Ben Crocker

Personal information
- Nationality: Welsh
- Born: 16 October 1994 (age 31)
- Weight: Super-lightweight

Boxing career

Boxing record
- Total fights: 18
- Wins: 16
- Win by KO: 3
- Losses: 1
- Draws: 1

= Ben Crocker (boxer) =

Welsh boxer (born 1994)

Ben Crocker (born 16 October 1994) is a Welsh professional boxer who was IBF European super-lightweight champion from December 2024 to September 2025.

==Career==
Crocker started boxing aged 12 when he switched from kickboxing. He made his professional debut in September 2021 and amassed a perfect record of 13 wins from 13 fights, before defeating Stelios Papadopoulos by unanimous decision for the vacant International Boxing Federation European super-lightweight title at the Brentwood Centre in Essex on 7 December 2024.

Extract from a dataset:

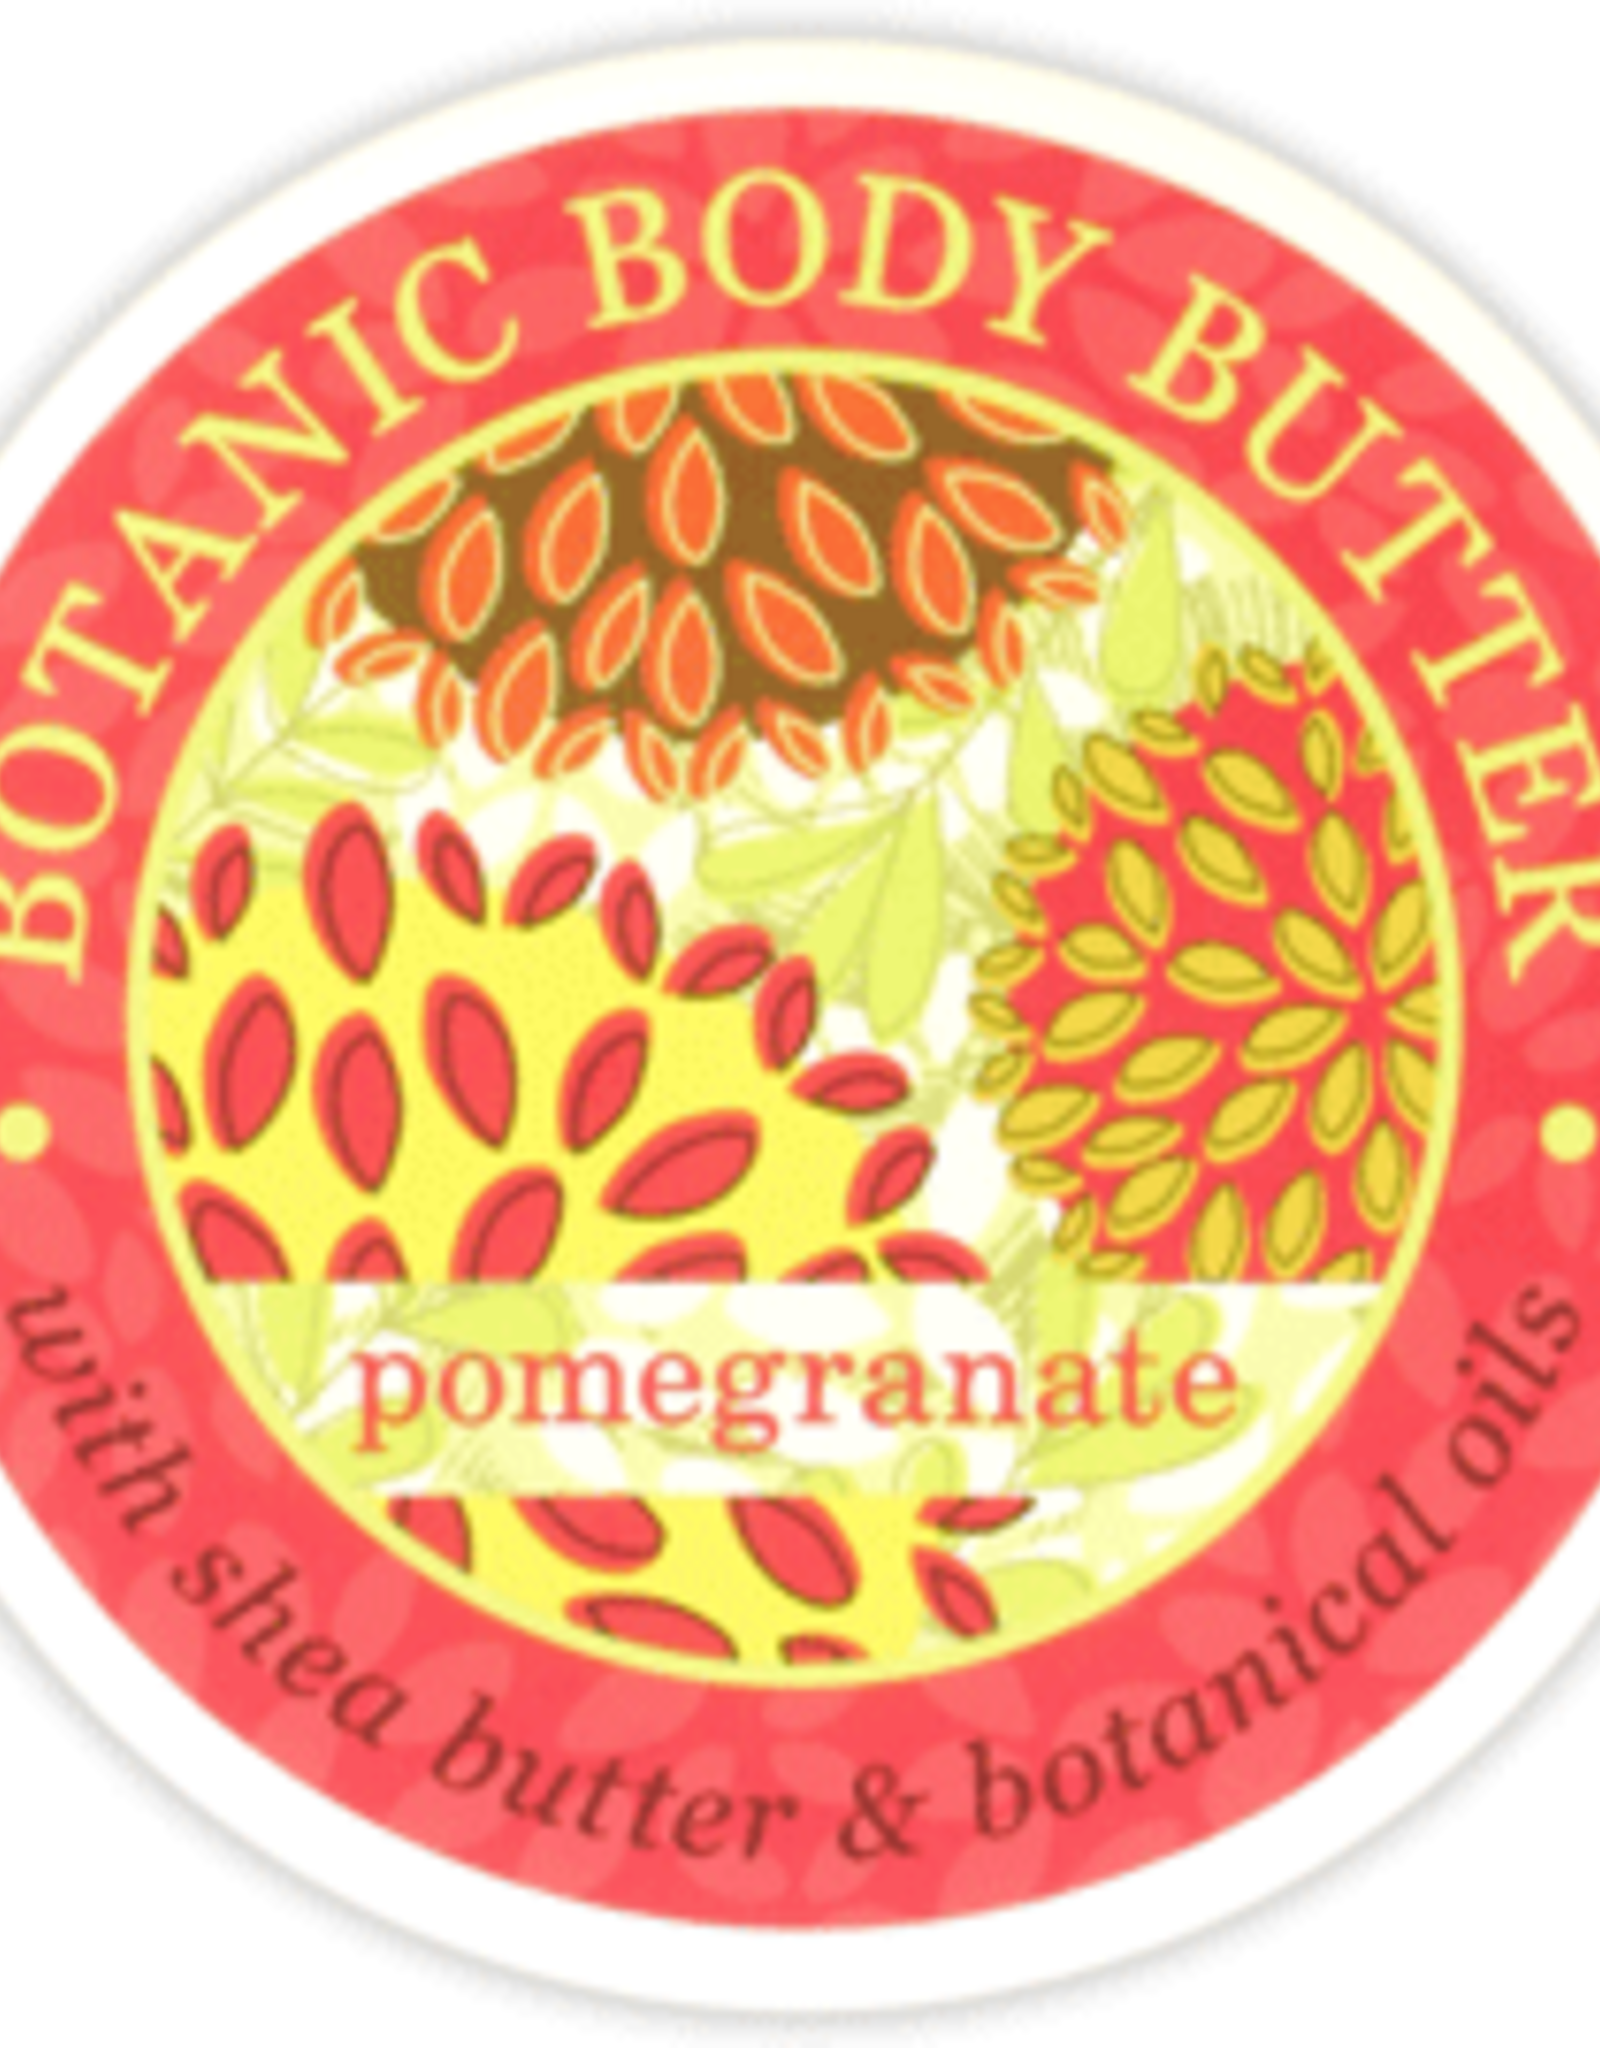 Personal Care Greenwich Bay - Pomegranate Body Butter
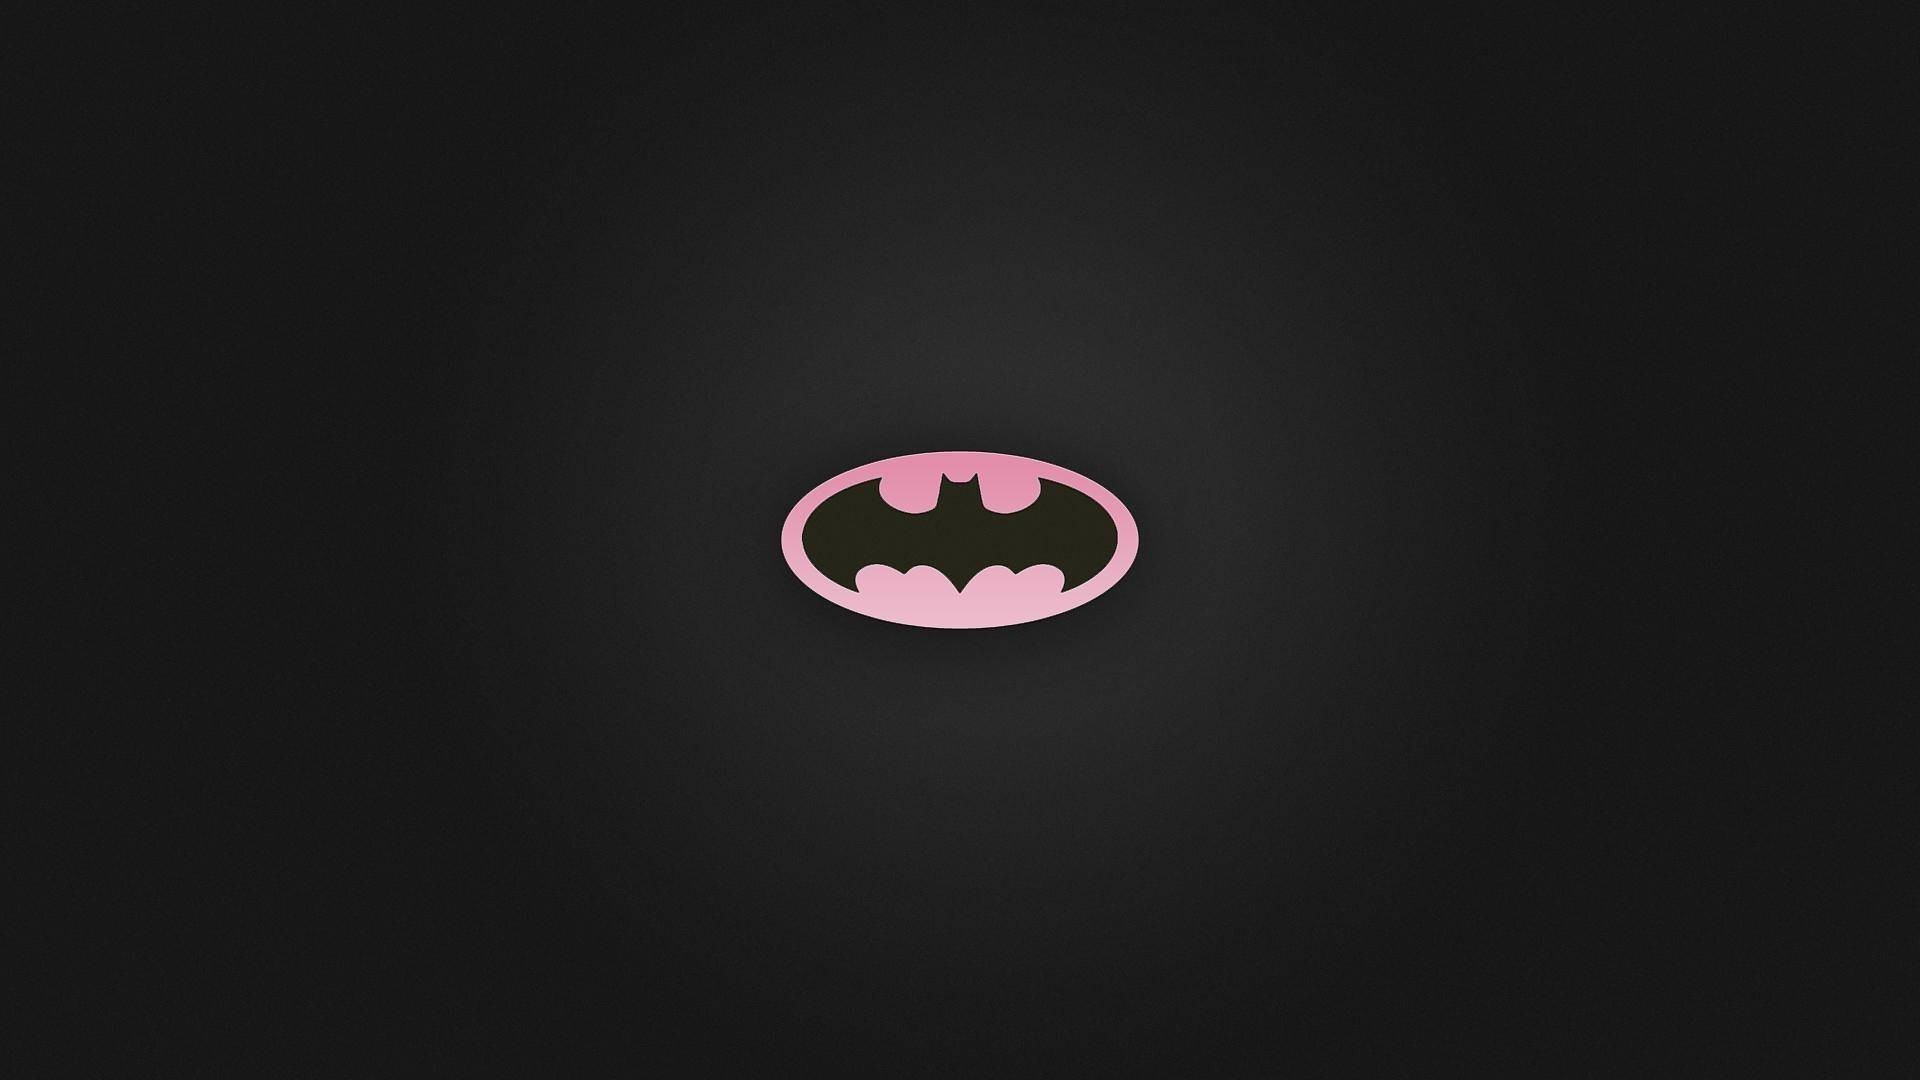 Minimalistic Batman Logo wallpapers Minimalistic Batman Logo

His first title defense was against Tiernan Bradley at York Hall in Bethnal Green on 4 April 2025, and ended in a split draw. One judge favoured each boxer 97–93 with the third scoring the bout a 95–95 tie.

Crocker made the second defense of his title against Seán McComb at Park Community Arena in Sheffield on 27 September 2025. He lost by unanimous decision.